La tactique ne sera pas conséquente des idées maîtresses de la Révolution d'Octobre. Elle pose comme point premier la question de l'unité prolétarienne ; il faut satisfaire ce désir de la classe ouvrière. Comment ? En le groupant le plus possible sur un programme minimum dans des actions quotidiennes, en démasquant les PS. C'est sur cette opération de démasquage que l'IC fait la fausse manœuvre.
Au lieu de démasquer le caractère contre-révolutionnaire des PS par la concrétisation du programme minimum dans la lutte de tous les jours, l'IC invite les sections nationales à proposer des actions communes aux PS même en dehors du programme minimum. Ainsi, disent-ils, si les partis traîtres refusent l'action commune, c'est eux qui paraîtront aux yeux du prolétariat comme les scissionnistes de la classe ouvrière ; et s'ils acceptent, de par leur nature et fonction contre-révolutionnaires ils se démasqueront pleinement au cours de la lutte.

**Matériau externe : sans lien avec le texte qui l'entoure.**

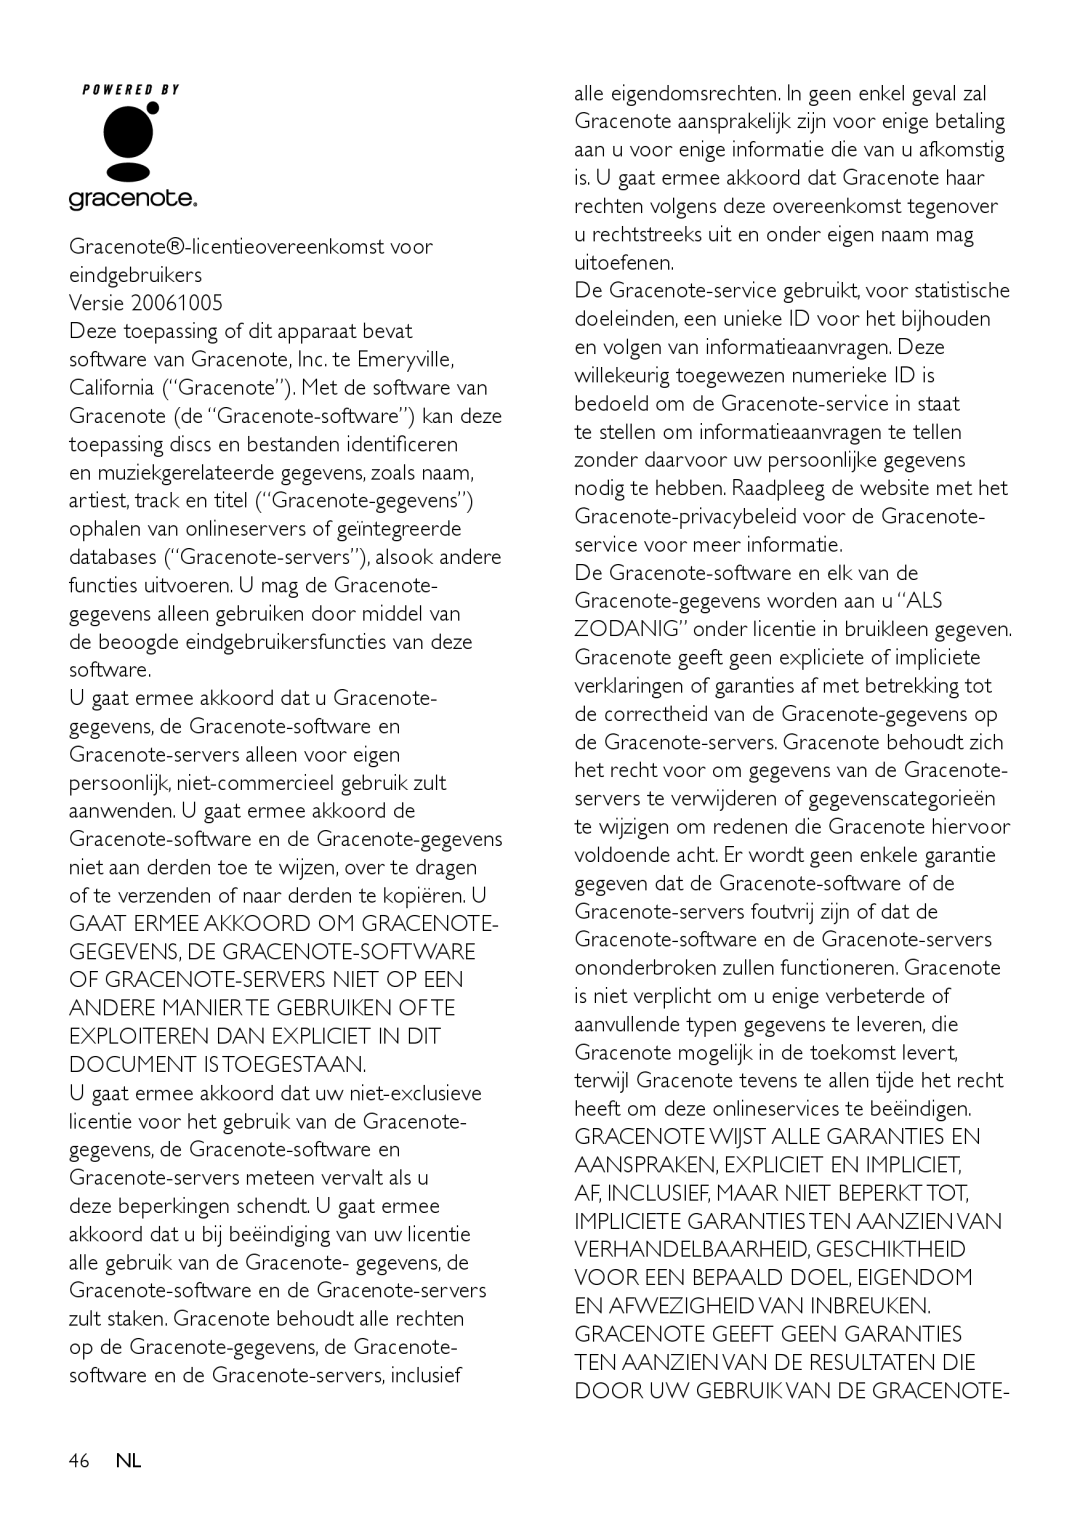 Philips MCi500H/12, MCi500H/05 manual Gracenote-licentieovereenkomstvoor eindgebruikers, Versie 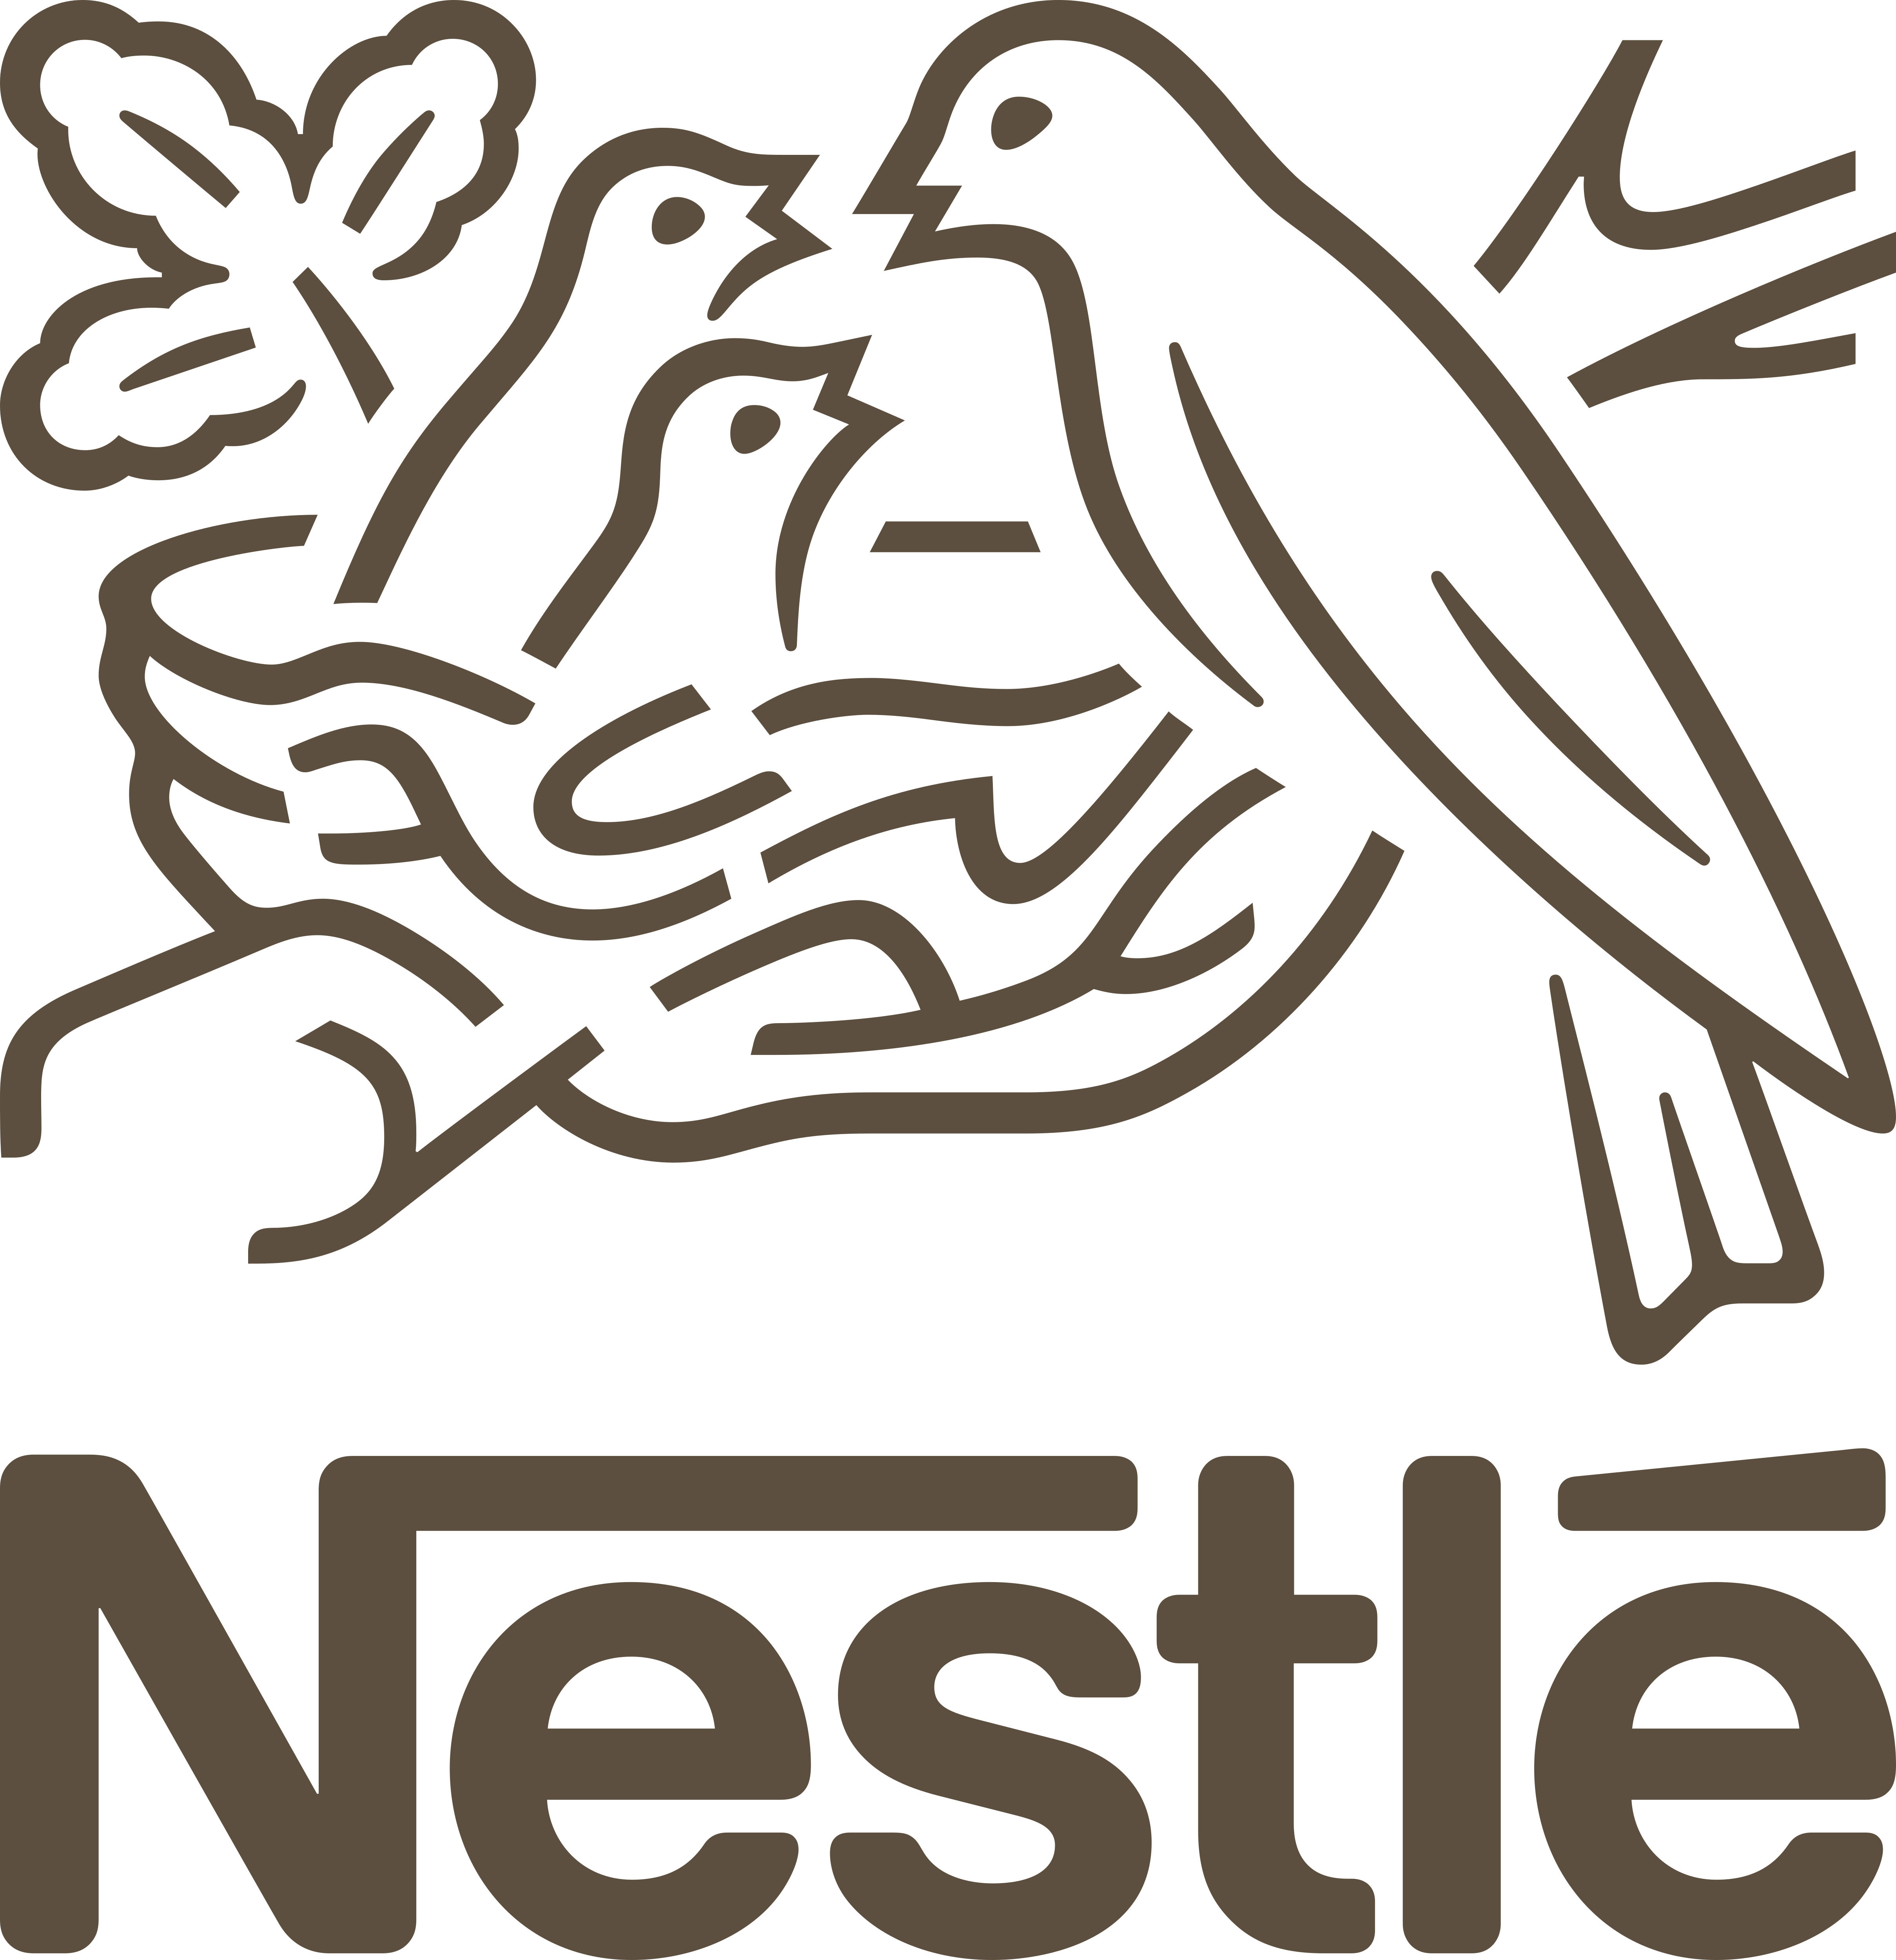 Nestlé USA Company Logo

La Conférence résumait justement, dans cette nouvelle tactique, une transformation de la nature du parti et de l'Internationale puisqu'elle pose comme condition d'adhésion au parti le programme minimum, tendant ainsi à considérer que l'unité prolétarienne autour de l'IC est fonction de l'élargissement à la classe entière du parti (parti de masse) avant la révolution et malgré le capitalisme au pouvoir.
Octobre 1917 avait prouvé que, même après la révolution, le parti avait à disputer l'influence, dans la classe ouvrière, à la bourgeoisie. Cette nouvelle tactique déformait la signification et l'enseignement de la Révolution russe et se donnait non pas la révolution comme but immédiat posé par la situation mais l'intégration des masses ouvrières dans le parti.
Pour ce qui est du démasquage des PS, le premier mouvement de méfiance de l'Internationale jaune n'a pas donné les résultats qu'on escomptait. Bien au contraire elle a permis de réduire le programme minimum d'action commune à sa forme la plus désossée et d'introduire des mesures réformistes qui achevaient de neutraliser les derniers éléments proprement révolutionnaires qui restaient dans le programme.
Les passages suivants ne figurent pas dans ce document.